TASK: Output the whole listing exactly, with no pictures.

THE DATA:
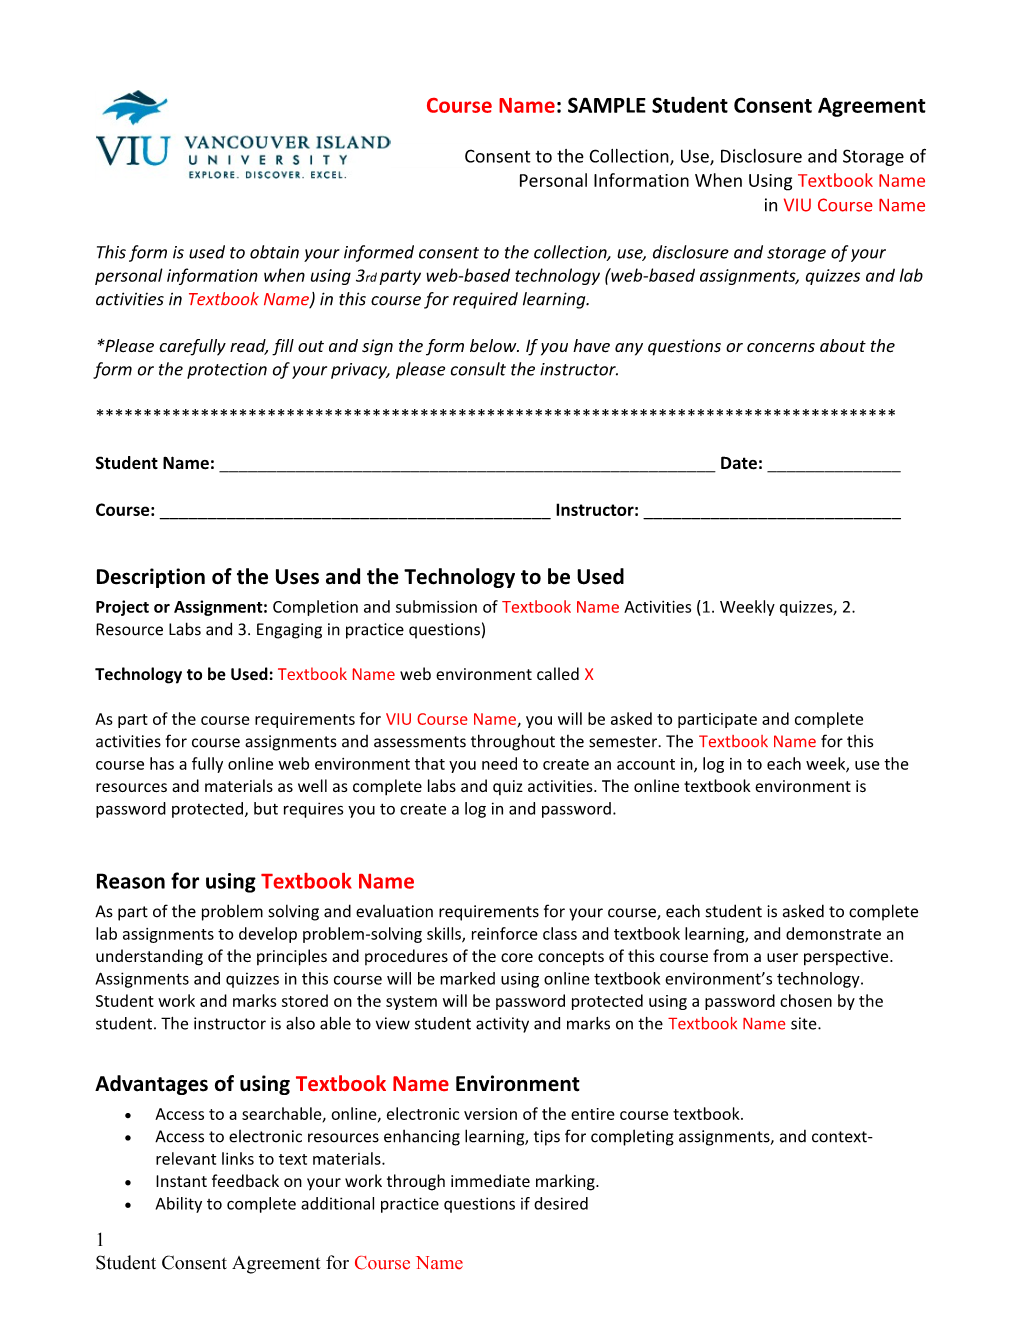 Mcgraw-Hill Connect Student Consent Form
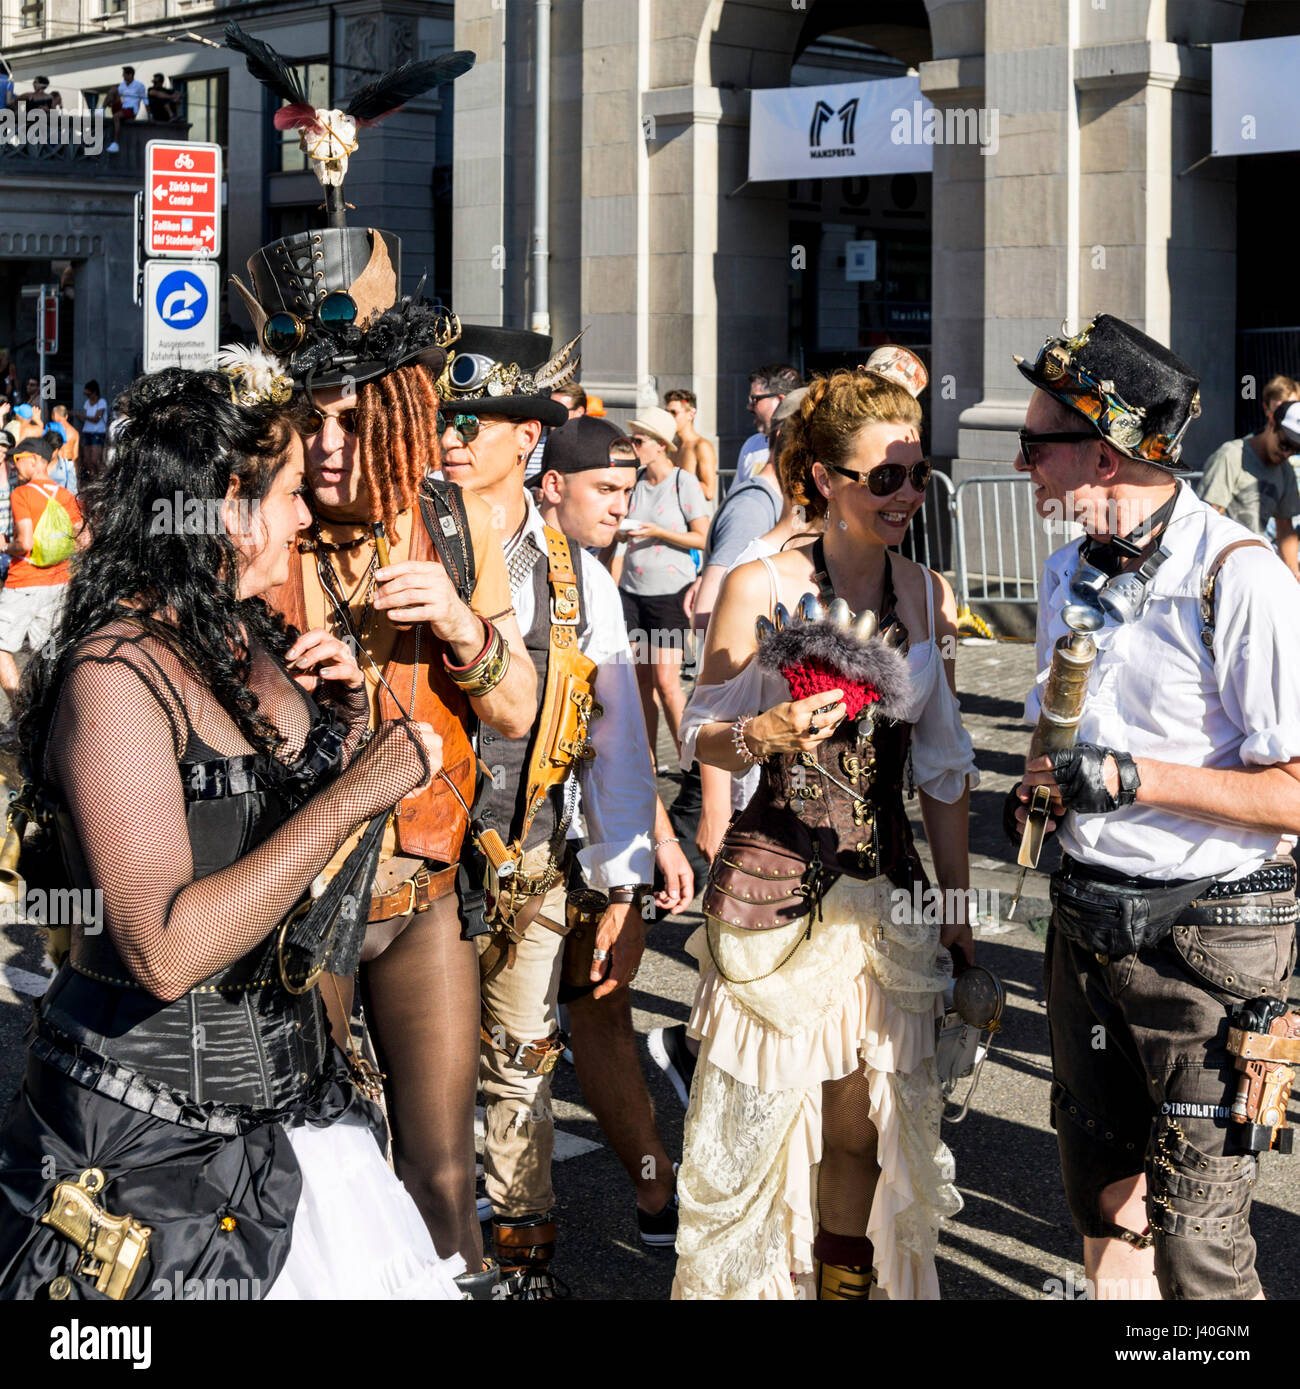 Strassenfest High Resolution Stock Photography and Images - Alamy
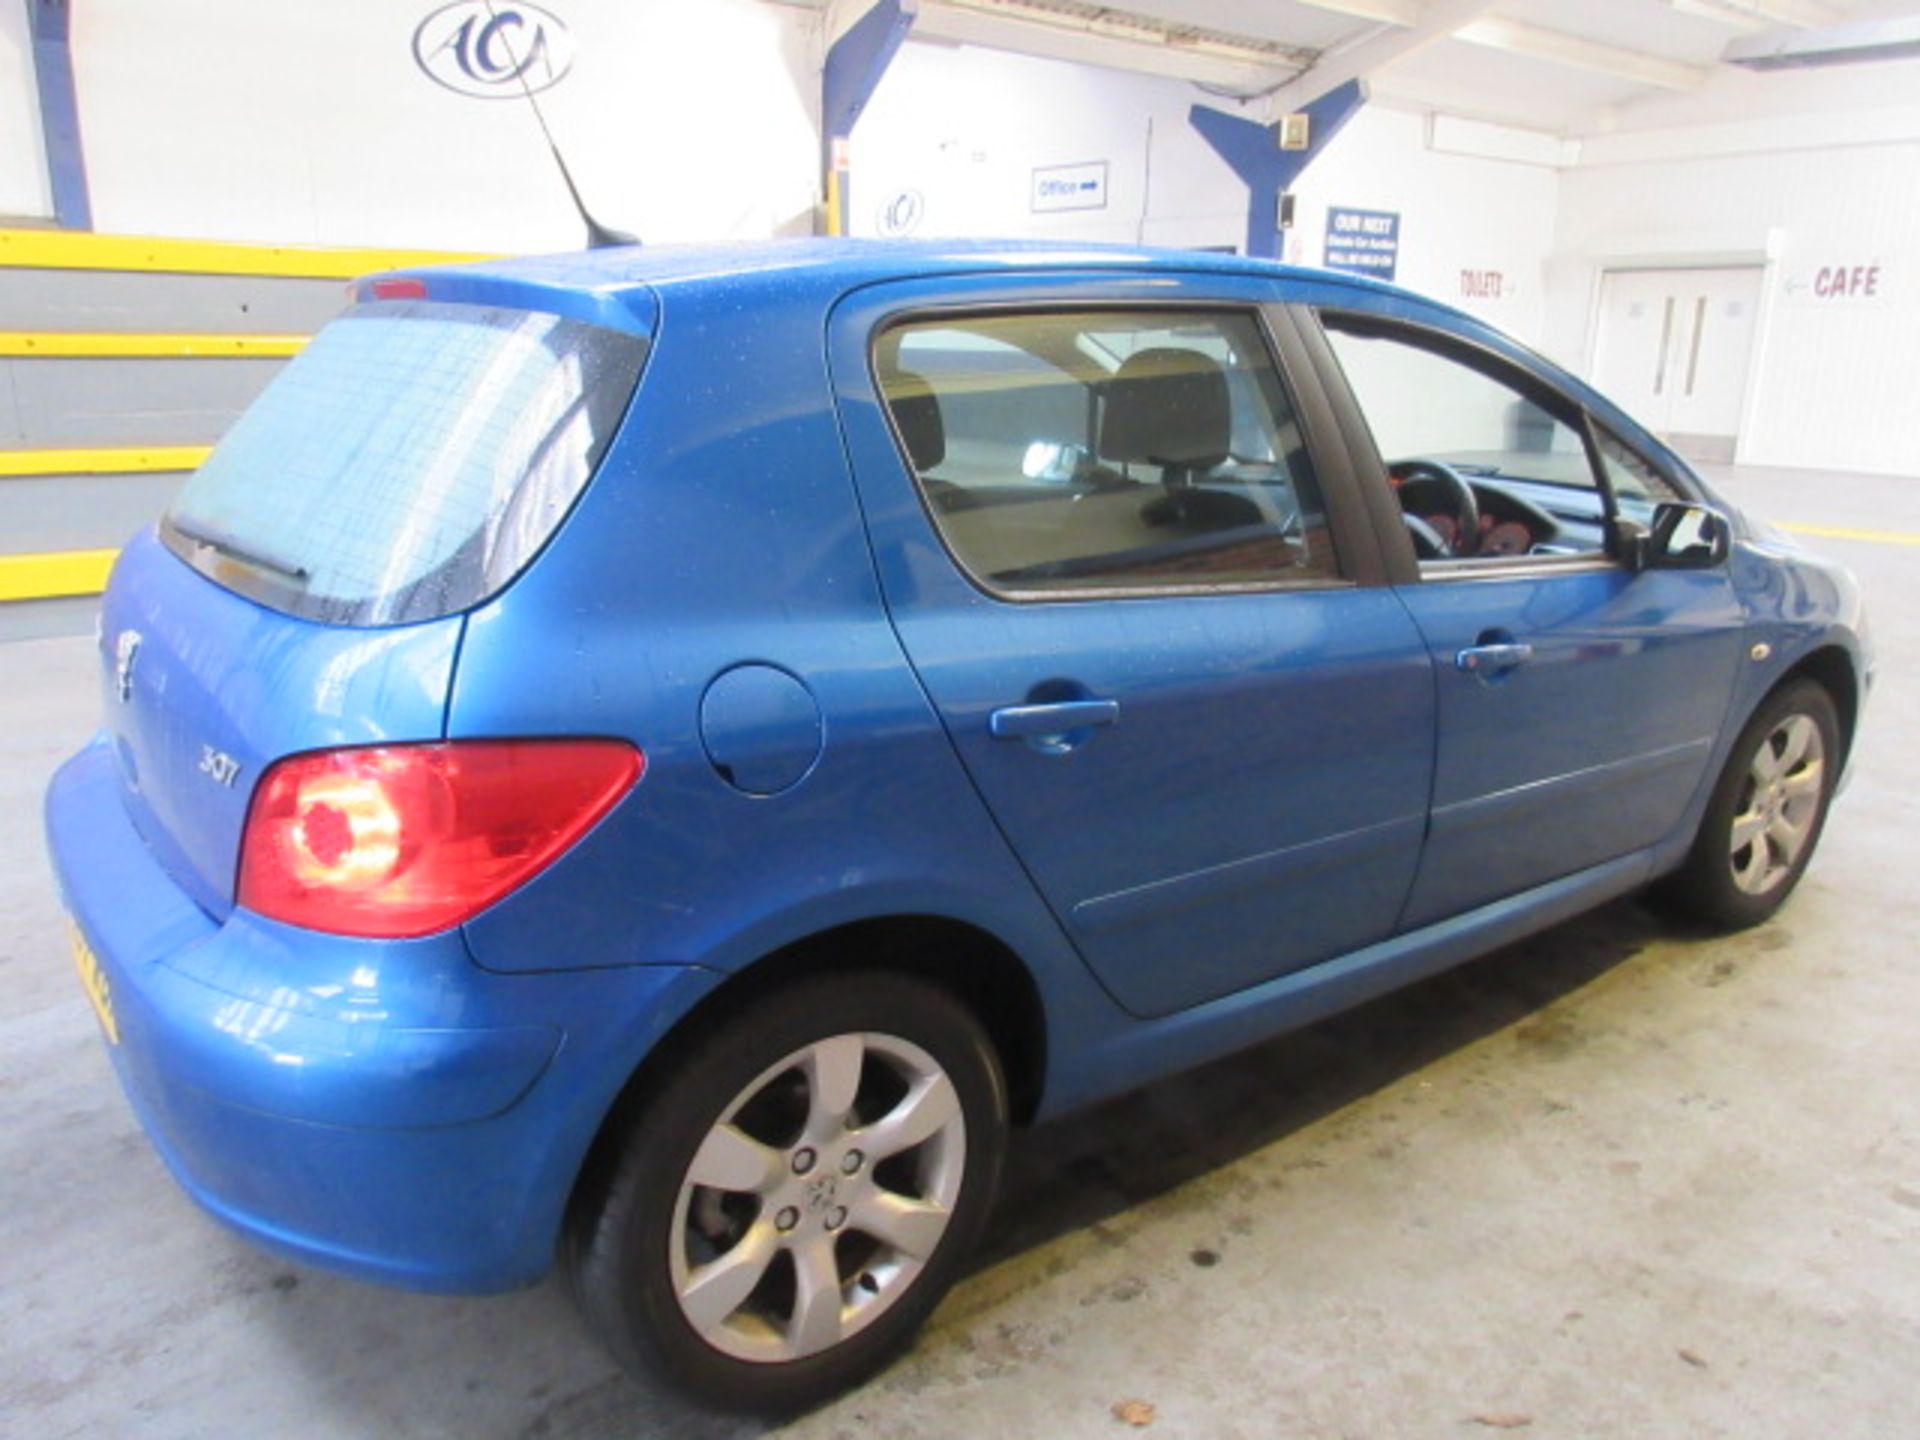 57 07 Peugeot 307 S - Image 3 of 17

WRITTEN REPLY:
 Mcgraw-Hill Connect Student Consent Form
 Strassenfest High Resolution Stock Photography and Images - Alamy
 57 07 Peugeot 307 S - Image 3 of 17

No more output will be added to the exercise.